Post by Mith » Fri May 20, 2011 6:10 pm

Praeothmin wrote:
Admiral Breetai wrote:1, why'd you call me kor?
Because I felt like it... ;)
I thought it was Kor who wrote that for some reason, sorry... :)
2, the wikis statement is completely contradicted by the actual tv series and the later brutal rape the cardassians endured by a serious fed level power in ds9
TNG did not, IMO, paint the portrait of a minor skirmish to either the Feds or the Cardies.
TNG, from what I remember, paint the portrait of a bloody war, which the Feds would have surely won, yes, but which did more then just bloody their nose...
DS9 shows us what a militaristic Federation, one who got tired of getting their asses kicked by the Borg and any enemy of the week can do when they decide to, but TNG was still showing us the idealistic, non-war-mongering Federation, and so we are not talking about the same thing here...

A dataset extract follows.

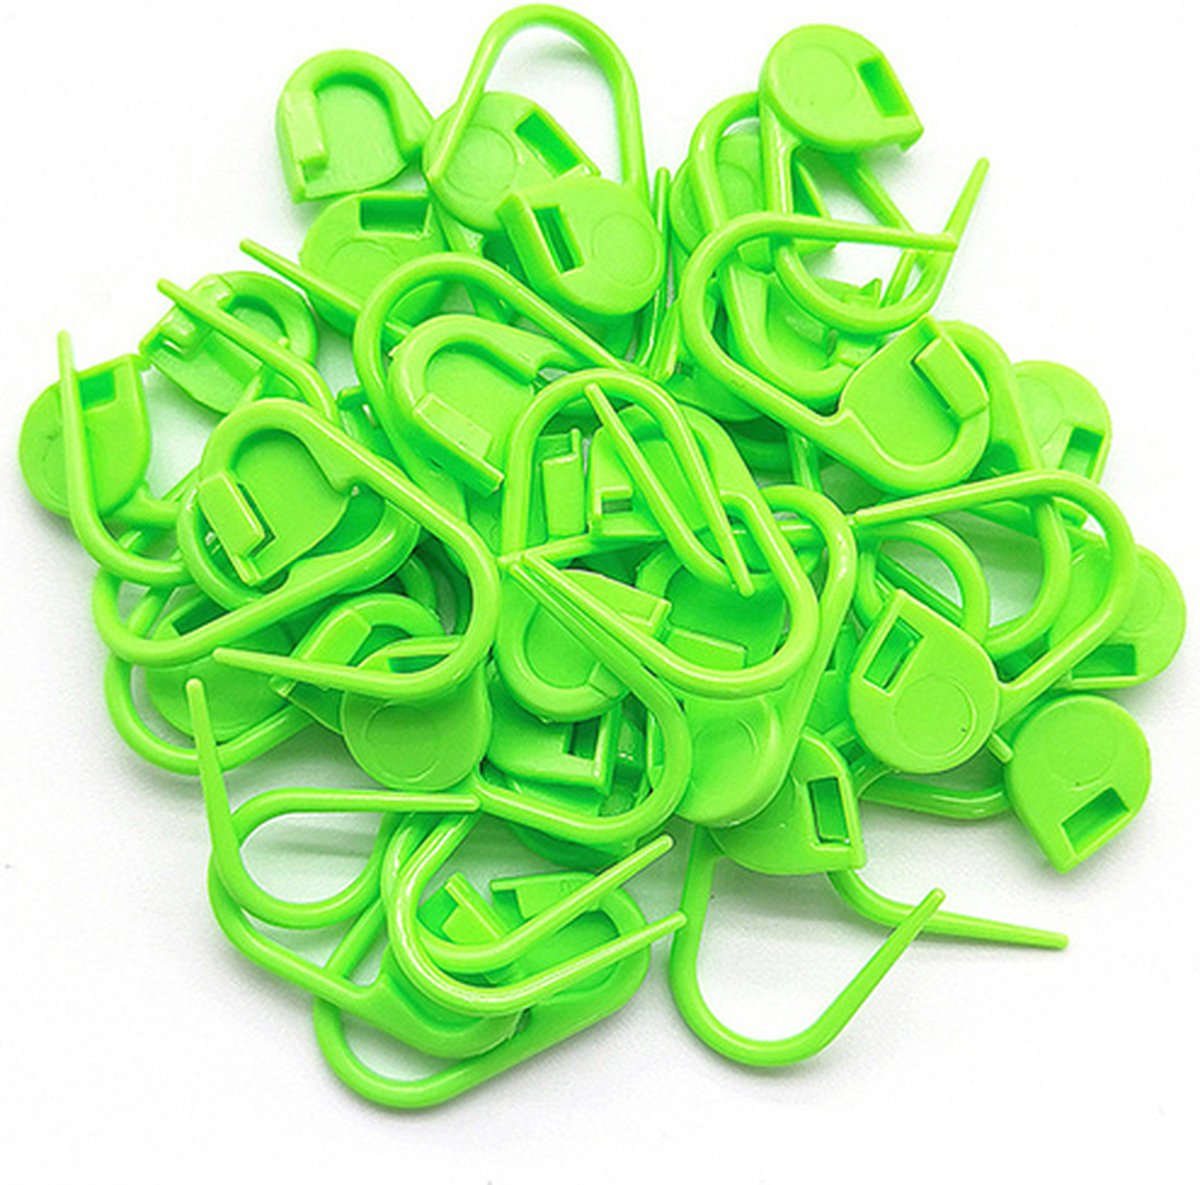 Plastic veiligheidsspelden - 50 stuks - veiligheidsspelden klein - Fluoriserend groen

At the time of TNG, the Federation was not the super ass-kicking power it became in DS9...

Ah yes, the Cardassian-Federation War...

Likely, their first war was the Cardassian Empire catching the UFP off-balanced because the Cardassians could focus more ships in one area than Starfleet could off-notice. Maxwell and O'Brian were likely part of the small group that did protect the area that the Cardassians had tried to invade. You can probably guess that for the first one or two months that Starfleet was scrambling to get as many ships as they could pull to fight what was likely a surprise attack by the Cardassians to expand their territory.

The 'bloody war' concept came because of an unprepared Starfleet was forced to fight against temporary superior numbers with only a few dozen ships while the Cardassians were probably employing hundreds of ships towards the effort. It then ruined the Cardassian Empire financially when the UFP brought the full weight of Starfleet against the Cardassians, who had probably at the time, hoped to have entrenched themselves in their new territory but had failed to do so thanks to the efforts of the small Starfleet force present during the invasion.

So yes, both sides had suffered heavily, but for different reasons. Starfleet had more important things to worry about, so making some trade for what amounted to a pittance of territory wasn't all that much of a worry in their mind (save the fucking Maquis) and it would have given the smaller, more nervous empire some breathing room against them.